The Department for Work and Pensions (DWP) has successfully introduced automatic enrolment to workplace pensions for large and medium-sized employers, who account for around 20 million workers, according to today’s report from the National Audit Office. There are, however, significant risks ahead, as 1.8 million smaller employers are required to enrol their workers by 2018.

The Government faces significant challenges in ensuring that people have adequate incomes in retirement. People are living longer and fewer have been saving into workplace pension schemes than in the past. Automatic enrolment aims to reverse the long-term decline in the number of people saving into workplace pensions.

The NAO finds that 58,000 employers have enrolled 5.4 million workers between October 2012 and August 2015. The DWP is now rolling out automatic enrolment to smaller employers which poses new challenges for the programme. Smaller employers are expected to have different requirements and responses to automatic enrolment. Greater operational challenges will also be created as the number of smaller employers increases. While most eligible workers work for larger employers and have already enrolled, the vast majority of employers still have to start automatic enrolment.

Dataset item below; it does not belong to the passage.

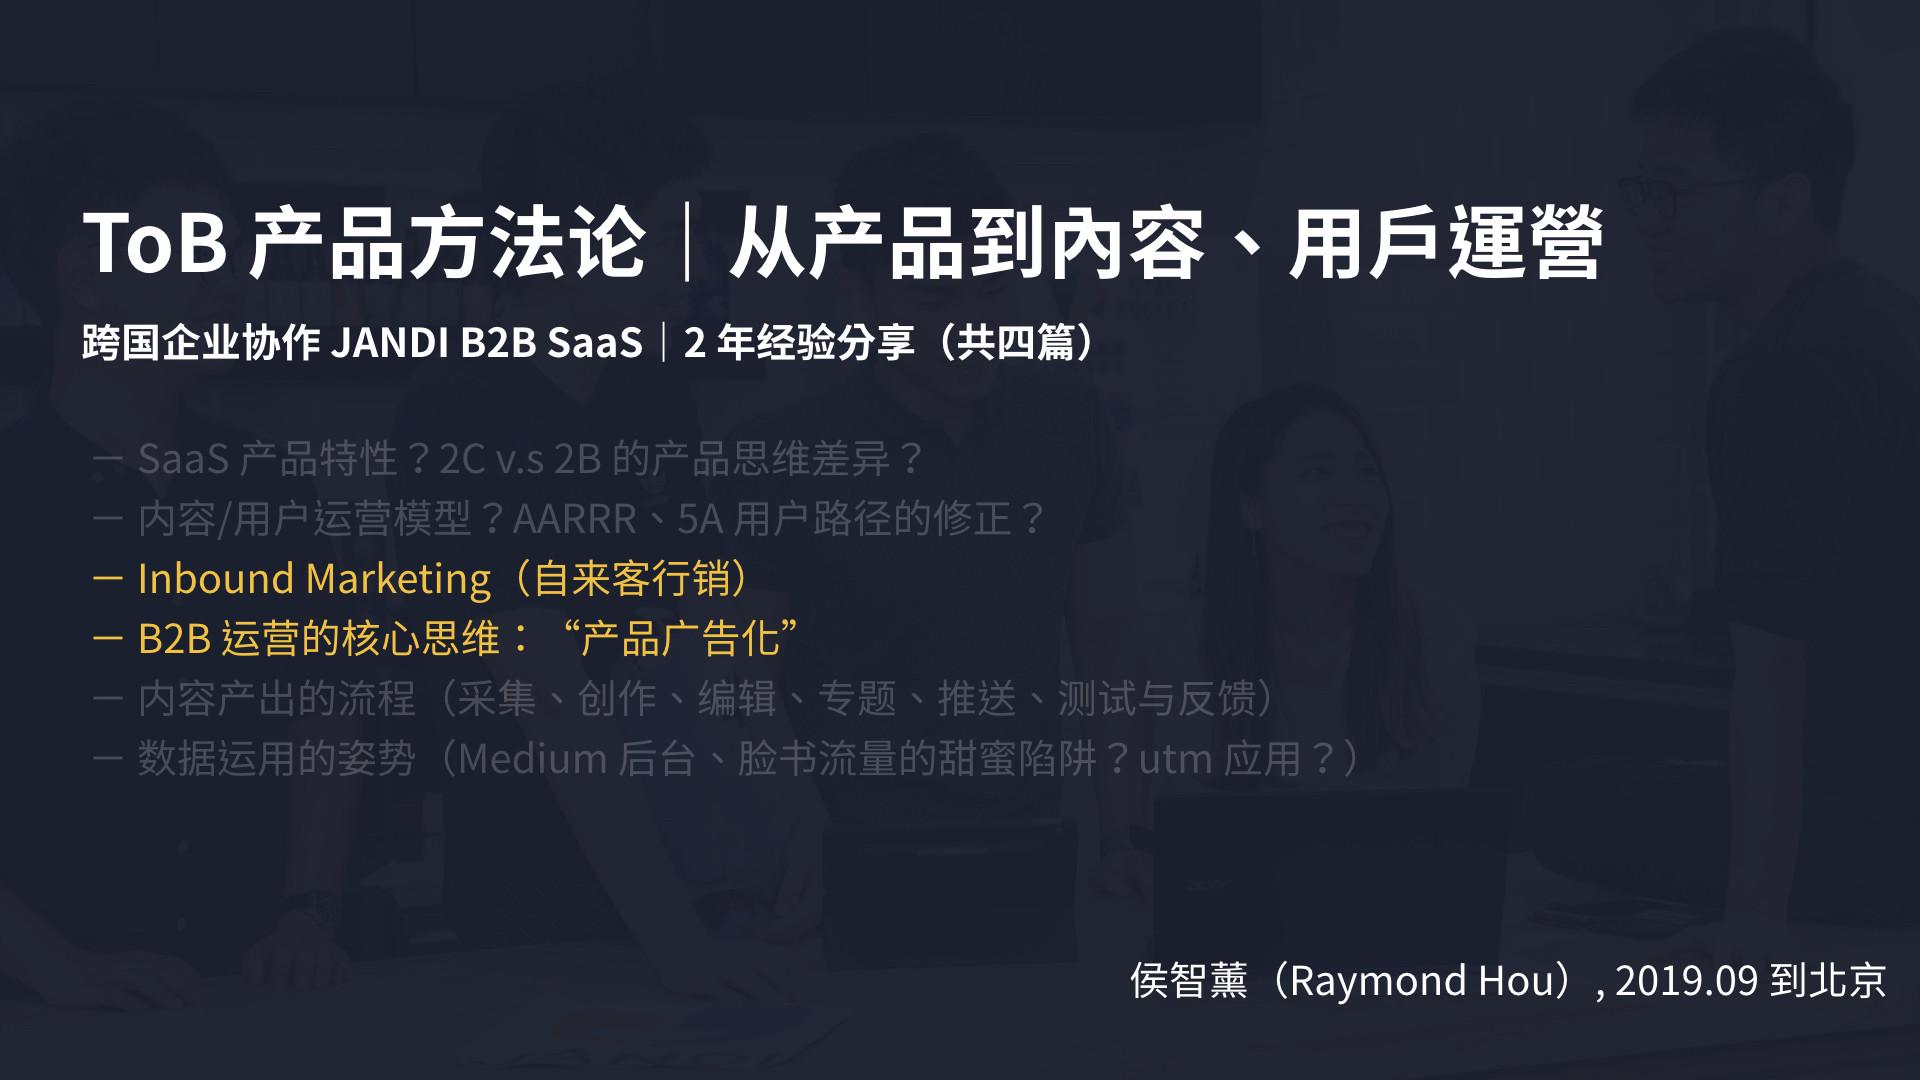 http://www.beaconitnl.com/keji/229431.html
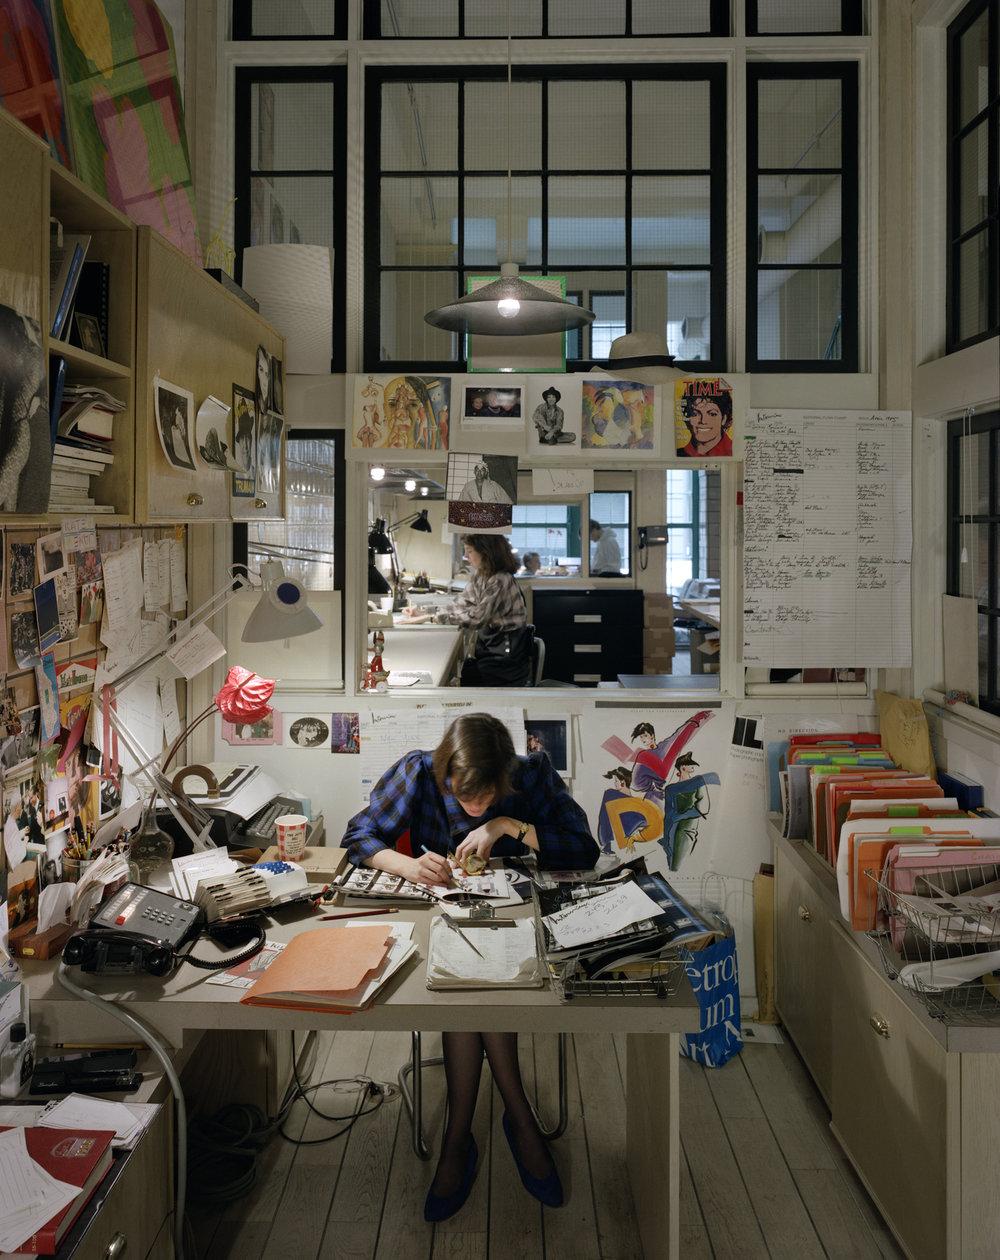 Amdy Warhol Factory - 34th & Madison, NY

Today’s report says that DWP has worked well with The Pensions Regulator and The National Employment Savings Trust (NEST) to design the programme and engage with providers and other stakeholders. Furthermore, opt-out rates have been between 8% and 14%, much lower than expected.

DWP originally expected implementation of the programme to cost £1.1 billion, but it reduced this to £1 billion in its 2015 estimate, largely because of reduced costs of The Pensions Regulator. Programme spending is on track at £554 million to the end of March 2015, which is around half of total budgeted costs. DWP estimates that employers will spend £500 million setting up automatic enrolment and £140 million each year on administering automatic enrolment.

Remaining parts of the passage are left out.